Erzählt wird aus dem Blickwinkel der 14-jährigen Philippa, genannt Fritzi, deren eigene, frei erfundene Biografie in eine wahre Geschichte mündet. Mit Ausnahme von Fritzi und ihren Eltern steckt hinter jedem Mitglied der Familie von Lautlitz eine reale Person, deren Name aus der Stammtafel am Ende des Buches hervorgeht. Claus Graf Stauffenberg (»Georg von Lautlitz«) tritt ebenso wie sein an der Verschwörung beteiligter Bruder Berthold (»Onkel Eckhardt«) nur indirekt auf; sie sind bereits Erinnerung. Sehr gegenwärtig sind zum Zeitpunkt der Geschehnisse hingegen Nikolaus Graf von Üxküll-Gyllenband (»Onkel Yps«), seine Frau Ida (»Tante Helma«) und seine Schwester Alexandrine (»Tante Josi«). Die Namen der übrigen Sippenhäftlinge sowie der SS-Kommandanten wurden nicht verändert.

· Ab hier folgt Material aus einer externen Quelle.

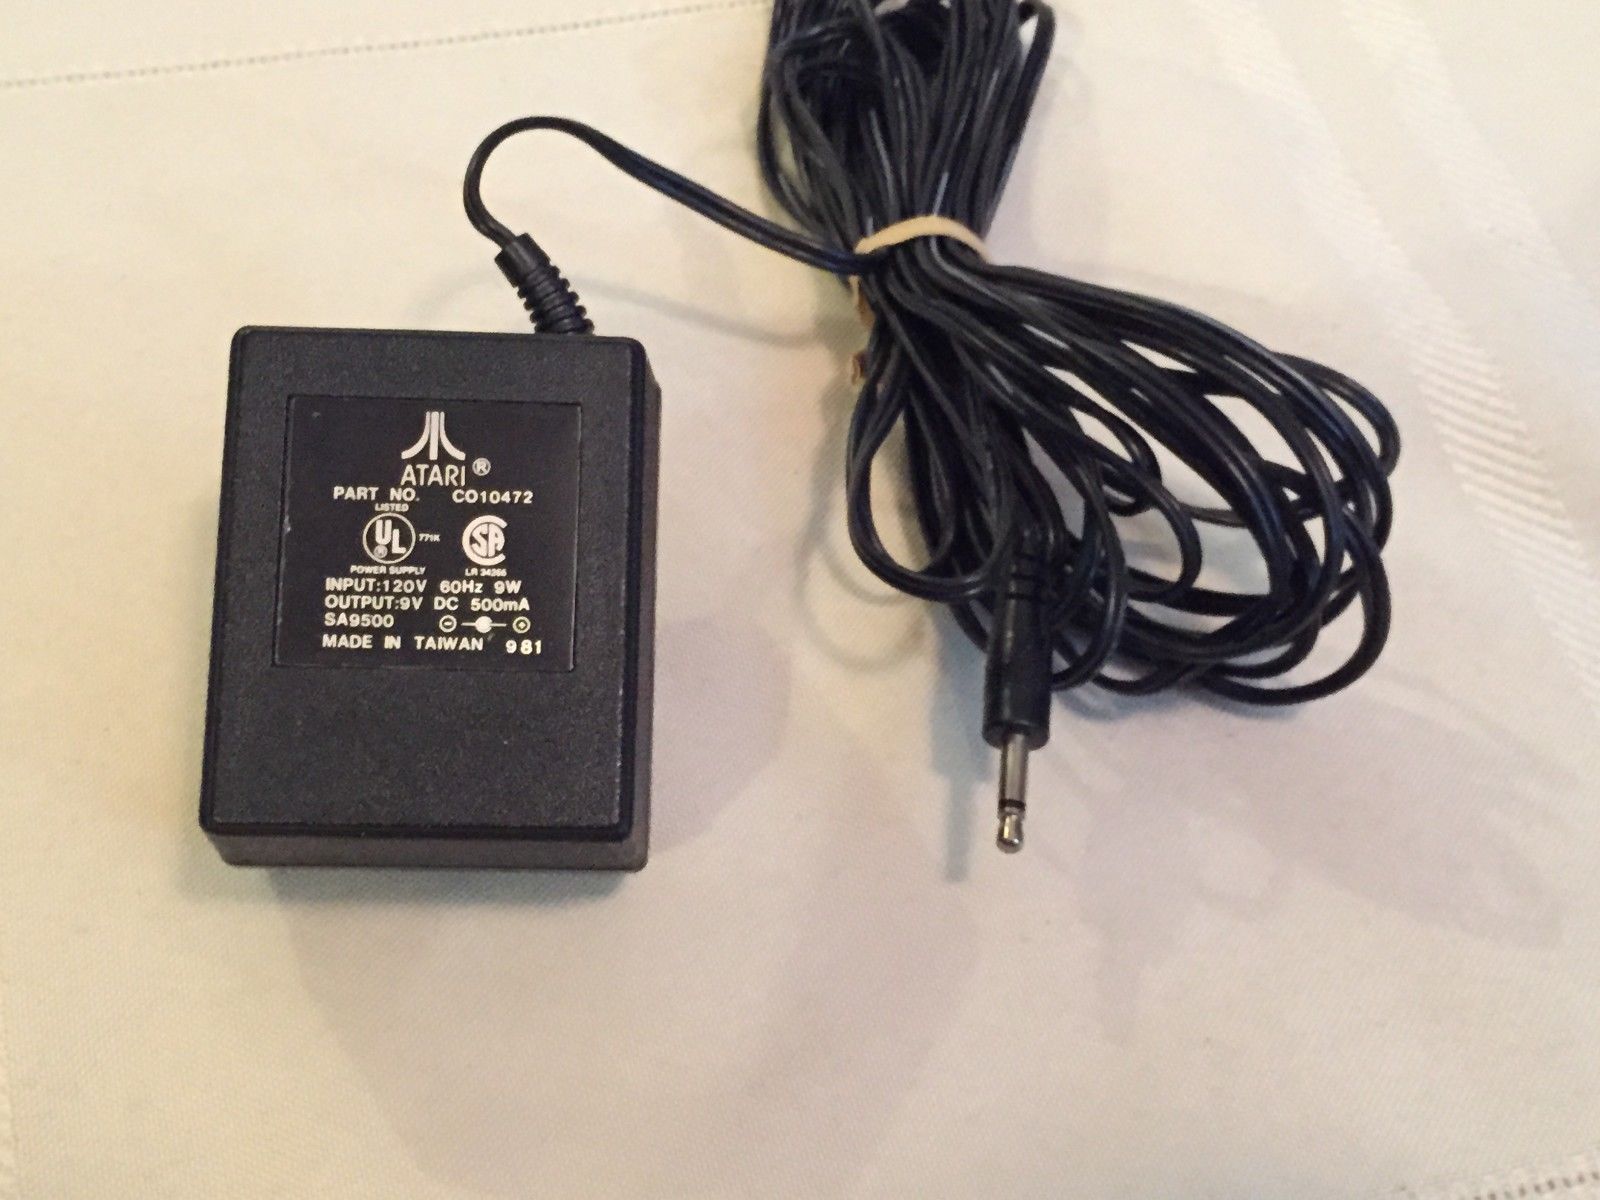 835 Modem Power Supply AC Adapter 20 VAC 8 watts Orig Atari CO60479 Tested

Die Erzählung folgt verschiedenen Quellen. Gesamtdarstellungen über den 20. Juli wurden ebenso herangezogen wie Biografien einzelner Beteiligter, wobei vor allem eine Darstellung für den Roman handlungsweisend ist: die Biografie der Flugkapitänin und Wissenschaftlerin Melitta Gräfin Stauffenberg (»Tante Lexi«). Wie Claus und Berthold von Stauffenberg kooperierte sie als deutsche Patriotin zunächst mit den nationalsozialistischen Machthabern, fand sich aber alsbald in der kaum erträglichen Situation, durch ihre eigene Tätigkeit ein verbrecherisches Regime zu unterstützen.